I haven't noticed that I have fewer Wii U and PS4 games than handheld games.
off-camera I also have:
3DS:
Kirby Triple Deluxe. lend to a friend.
Luigi Mansion Dark Moon. also lend.
Pokemon X. same as above.
Donkey Kong Country Returns 3D. another one lend.
The Legend of Zelda OoT 3D. you already know why.
Mario Kart 7. physical copy lend to a friend, I bought it digital latter because I always forget to brought the cart with my.

Vita:
Xblaze Code Embryo. forgot to include it in the picture and too lazy to take and upload the photo again.
Assassins Creed Liberation. didn't came in box, it was included with my white Vita bundle.

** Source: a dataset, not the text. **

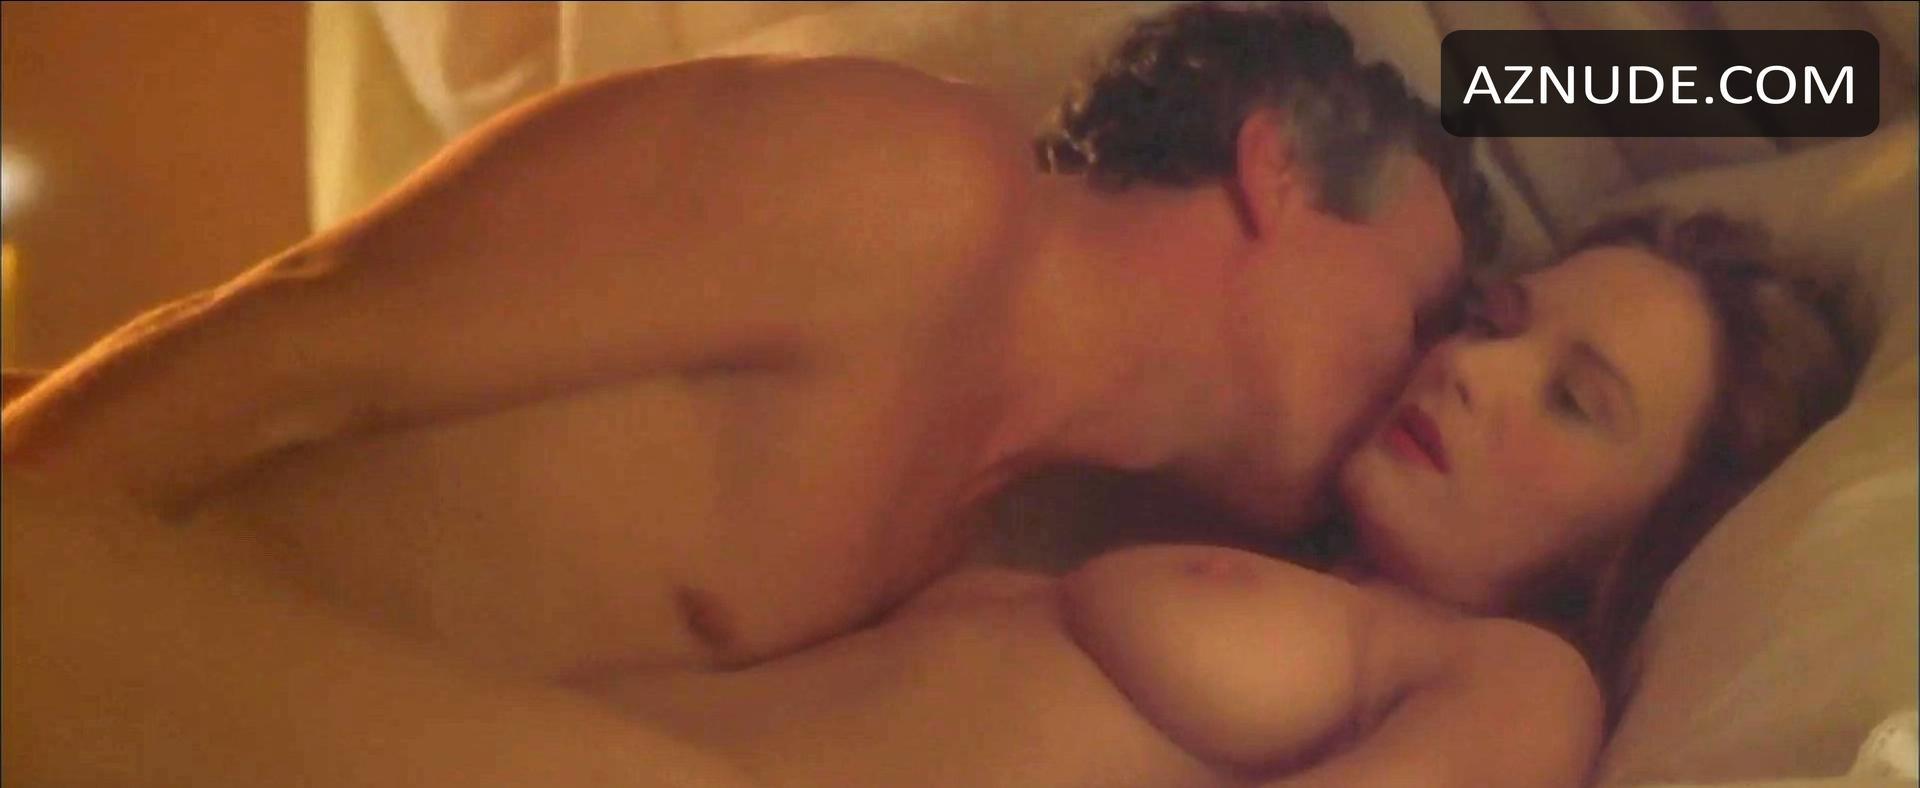 Nude beauty sex tape

also have mountains of Gigabytes in digital games that I'm too lazy to list but I will say that I have every Vita and PS4 game released in PS+ to the date.
on 3DS the more important digitals are:
Mario Kart 7
Senran Kagura Burst
Code of Princess


----------



## gifi4 (Nov 8, 2014)

Can I mention my Steam Library?


----------



## xwatchmanx (Nov 8, 2014)

Sakitoshi said:


> off-camera I also have:
> 3DS:
> Kirby Triple Deluxe. lend to a friend.
> Luigi Mansion Dark Moon. also lend.
> ...


 
I see you've lent many of your 3DS No Gaemz™ to friends. Have you made them aware that 3DS has No Gaemz™? If not, what kind of friend are you?


----------



## WiiCube_2013 (Nov 8, 2014)

My Wii U library until November 28 [Smash 4 for Wii U]:







Thank god I finally received Bayonetta 2: Special Edition and Sniper Elite V2 now that's games I'll never need to look for ever again to purchase.


----------



## VinsCool (Nov 8, 2014)

WiiCube_2013 said:


> My Wii U library until November 28 [Smash 4 for Wii U]:
> 
> Thank god I finally received Bayonetta 2: Special Edition and Sniper Elite V2 now that's games I'll never need to look for ever again to purchase.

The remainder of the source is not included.